How many operations are necessary until the permutation is sorted?
Constraints
- 1≤N≤2×105
- (p1,p2,…,pN) is a permutation of the integers from 1 through N.
Input
Input is given from Standard Input in the following format:
N p1 p2 ... pN
Output
Print the number of operations that are necessary until the permutation is sorted.
Sample Input 1
Copy
5 3 5 1 2 4
Sample Output 1
Copy
3
The initial permutation is (3,5,1,2,4), and each operation changes it as follows:
- In the first operation, the 1-st and 2-nd elements are high, and the 3-rd, 4-th and 5-th are low. The permutation becomes: (1,2,4,3,5).
- In the second operation, the 1-st, 2-nd, 3-rd and 5-th elements are high, and the 4-th is low. The permutation becomes: (3,1,2,4,5).

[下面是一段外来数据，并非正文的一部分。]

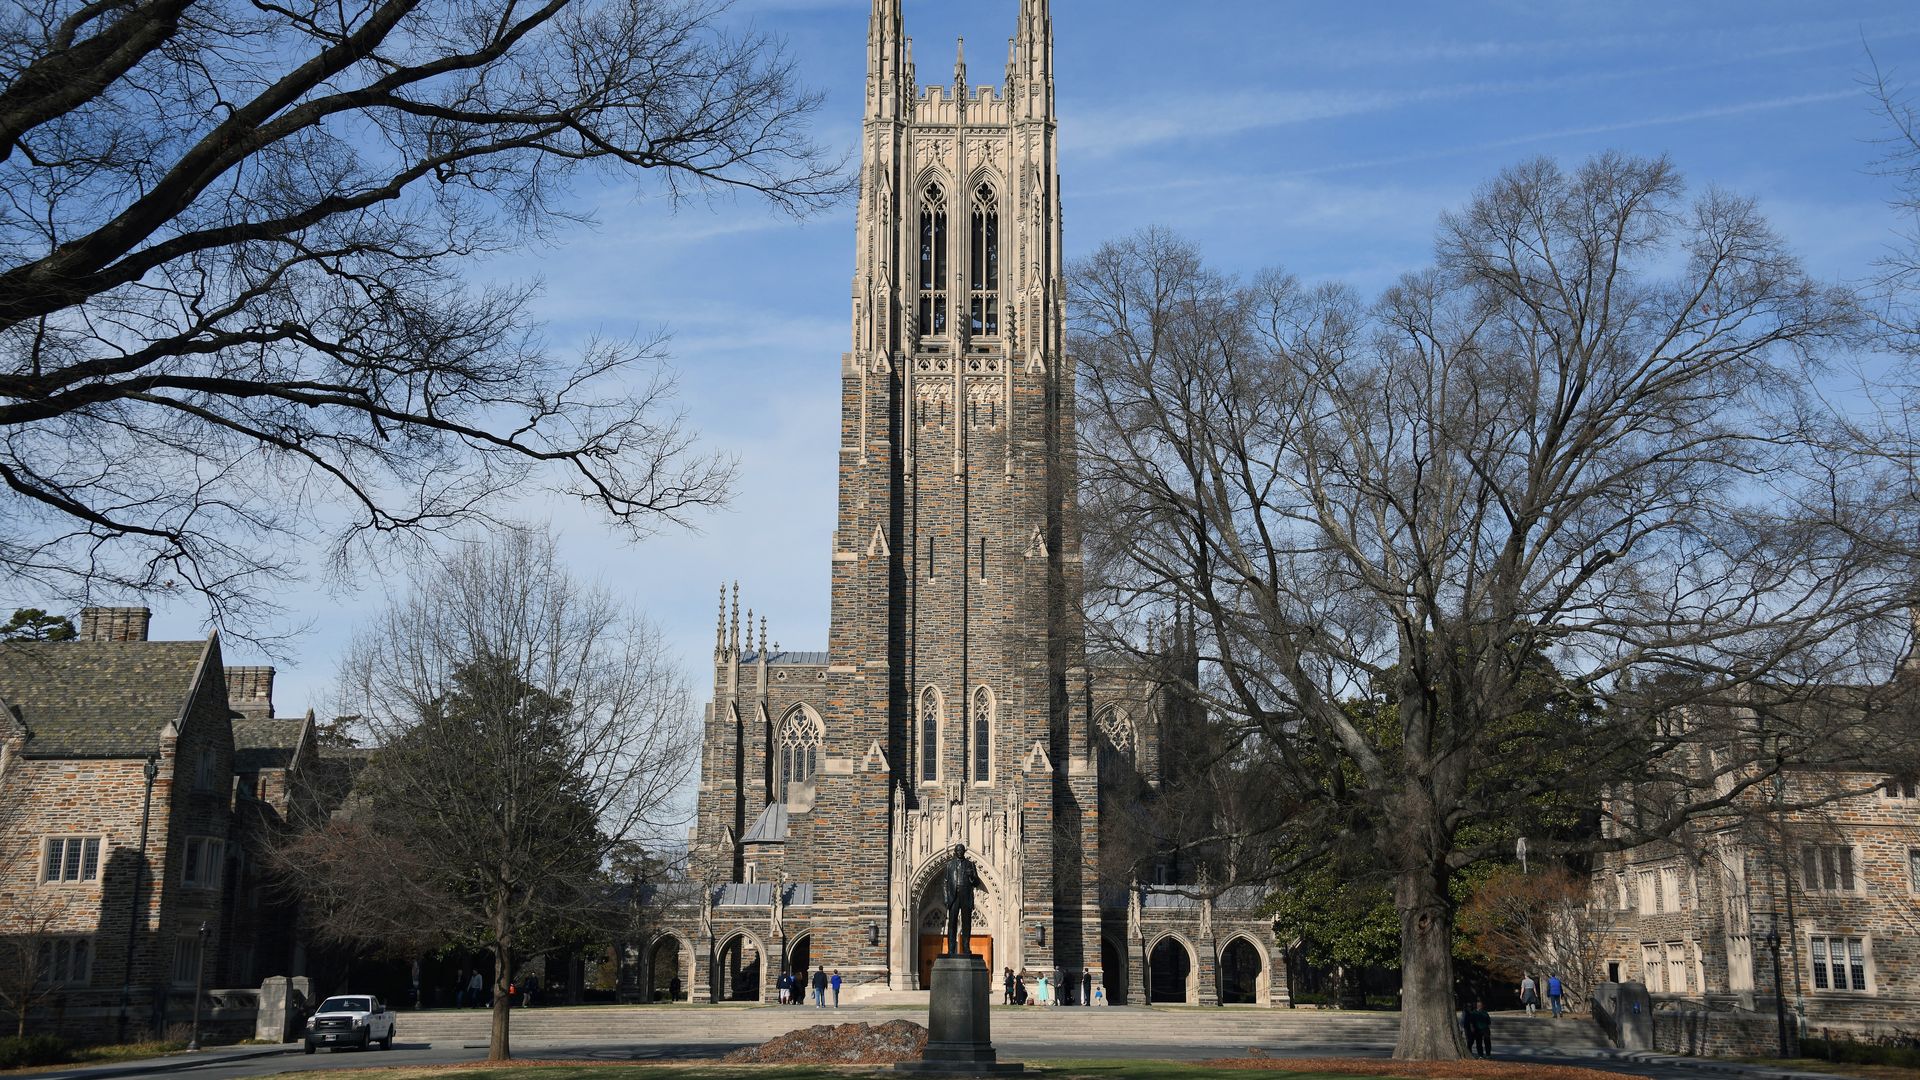 Duke University Chapel seen from a distance
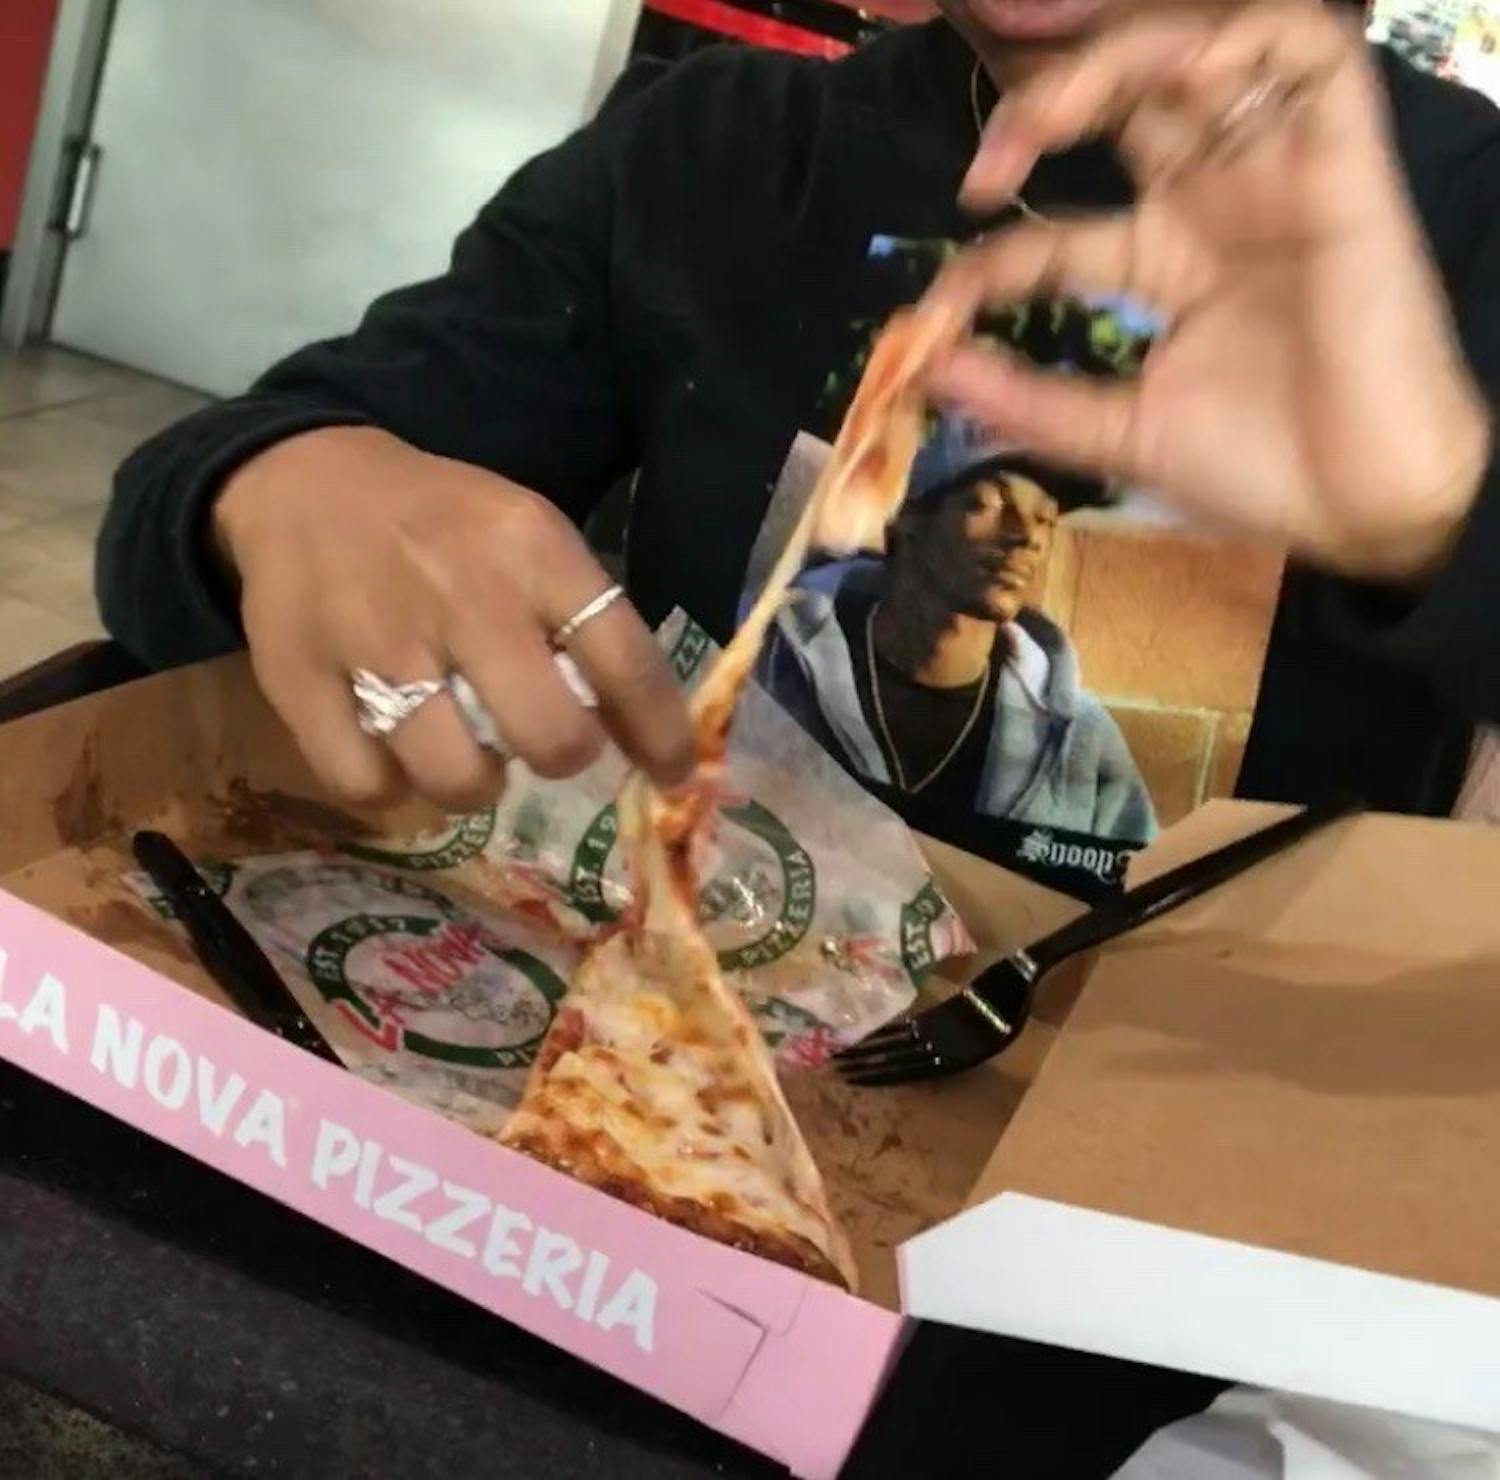 La Nova's plain cheese pizza inside of their aesthetically pleasing pink box.

- In the third operation, the 1-st, 4-th and 5-th elements are high, and the 2-nd and 3-rd and 5-th are low. The permutation becomes: (1,2,3,4,5).
Sample Input 2
Copy
5 5 4 3 2 1
Sample Output 2
Copy
4
Sample Input 3
Copy
10 2 10 5 7 3 6 4 9 8 1
Sample Output 3
Copy
6
每次把max(a[1] to a[i]) = a[i]的放进vector A(记为high)里,其他放进vector B(记为low)里
然后把序列改成B + A
问升序排序需要搞多少次
然后把序列改成B + A
问升序排序需要搞多少次
题解:
我基本就是在翻译题解...
考虑去掉1剩下2到n的序列,剩下的答案是T,1并不影响其他数的操作
那么最后的答案一定是T或者T + 1
如果T = 0,直接判
如果T > 0,
考虑T - 1次操作之后的情况
记f为这个序列的第一项,显然f > 2
(如果f = 2,那么要么这个序列已经被排好序或者下一次f会被移到后面)
如果最后是(f, 1, 2)答案是T否则是T + 1
结论1:
(考虑序列2到n)
在前T - 1次, f不会出现它在不第一个位置且它又是high的情况
证明1:
考虑某个时刻x是high但是不在第一个位置, 显然第一个位置是high, 故vectorA中x前面还有一个数,记为y, y < x
如果x, y都是high或者都是low,它们的相对位置不变
如果x, y是high而y变成low了,这时y仍然在x左边,如果x不在第一个位置,和之前一样了
结论2:
定义循环序列(a, b, c) = (b, c, a) = (c, a, b)
则1, 2, f在前T - 1次组成的(关于它们位置的)循环序列不会变
证明2:
如果1是第一个元素
{
如果2是第二个元素,那么1, 2是high, f是low
如果f是第二个元素,那么1, f是high, 2是low
否则2, f都是low
}
如果2是第一个元素,那么2是high,1和f是low
如果f是第一个元素,那么f是high,1和2是low
否则1, 2, f都是low
然后就证明完了
#include <bits/stdc++.h>
#define xx first
#define yy second
#define mp make_pair
#define pb push_back
#define fill( x, y ) memset( x, y, sizeof x )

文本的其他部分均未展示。